Sportlich gab es viele Gründe zu feiern

Stattdessen war es den Berlinern vergönnt, den Herbstanfang mit bester Laune und ein wenig Weltvergessenheit zu zelebrieren. In Kreuzberg etwa waren die Menschen in Scharen zur Yorckstraße gekommen, um mit Pappschildern ihre laufenden Freunde anzufeuern oder einfach nur als Beobachter die entspannte Atmosphäre zu genießen. An der Esso-Tankstelle in der Nähe des Mehringdamms spielte eine Jazzband, einige Besucher tanzten mit.

Menschen aus allen Ländern der Welt nahmen als Unterstützer oder Läufer des Marathons teil und zeigten damit ein buntes Berlin, das Migration und Multikulturalismus als Vielfalt und nicht als Problembeschreibung definiert. 45.000 Läufer aus 150 Nationen waren an den Start gegangen. Es war ein Tag des puren Genusses, ohne die Schwermut der Realität, die die Alltagsdebatten ansonsten begleitet. Man hatte fast schon den Eindruck, als wollten die Klimaaktivisten dieses Bedürfnis nach Idylle nicht weiter stören. (Oder die Sicherheitskräfte waren einfach besser vorbereitet als normalerweise.)

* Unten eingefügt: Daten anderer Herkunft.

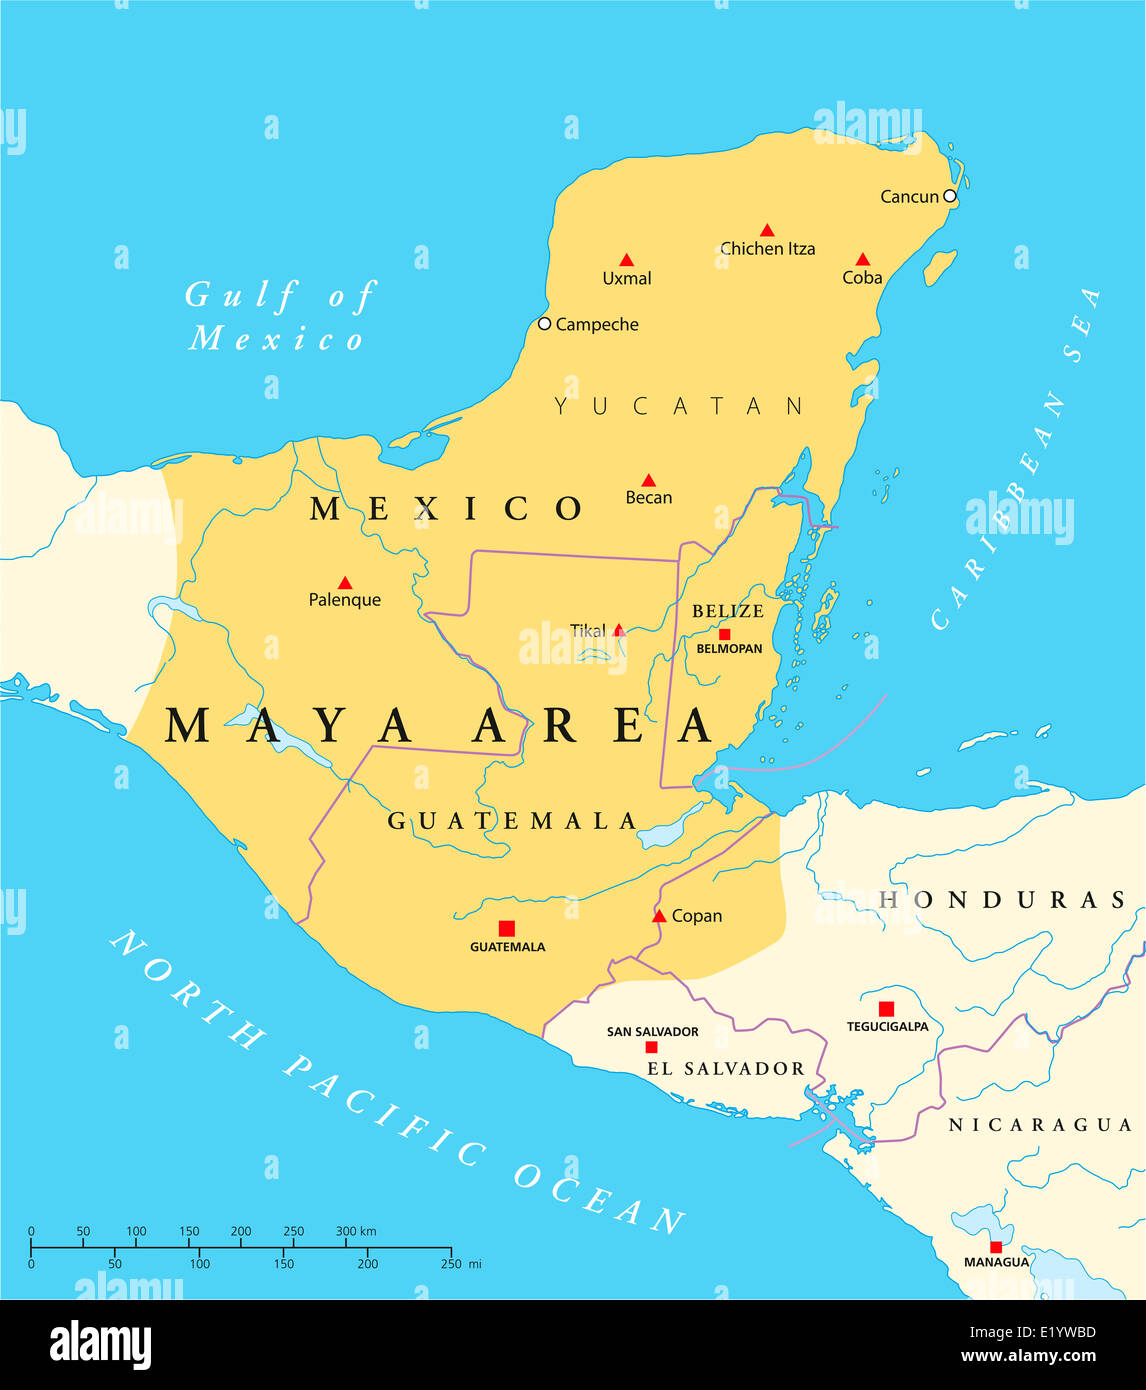 Maya High Culture Area Map - Political map with capitals, national borders, most important ancient cities, rivers and lakes. Stock Photo

Sportlich gab es ebenso viele Gründe zu feiern. Die Äthiopierin Tigist Assefa siegte beim Marathon in Berlin mit 2:11:53 Stunden und pulverisierte damit die Bestmarke der Kenianerin Brigid Kosgei, die 2019 in Chicago den Marathon in einer Zeitspanne von 2:14:04 Stunden gelaufen war. Der Kenianer Eliud Kipchoge siegte mit 2:02:42 Stunden, konnte aber seinen eigenen Weltrekord in Berlin von 2022 nicht brechen.

Der Alltag ist bald zurück

Die Sicherheitskräfte zogen am Nachmittag ganz offiziell eine positive Bilanz. Pressesprecherin Anja Dierschke sprach gegenüber der Berliner Zeitung insgesamt von einem ruhigen Verlauf. Mehrere Protestaktionen der Letzten Generation seien verhindert worden. 15 Personen seien vorübergehend festgenommen worden. Es ist wahrscheinlich, dass so eine Bilanz nicht die Regel bleibt. Der Alltag geht schließlich bald wieder los.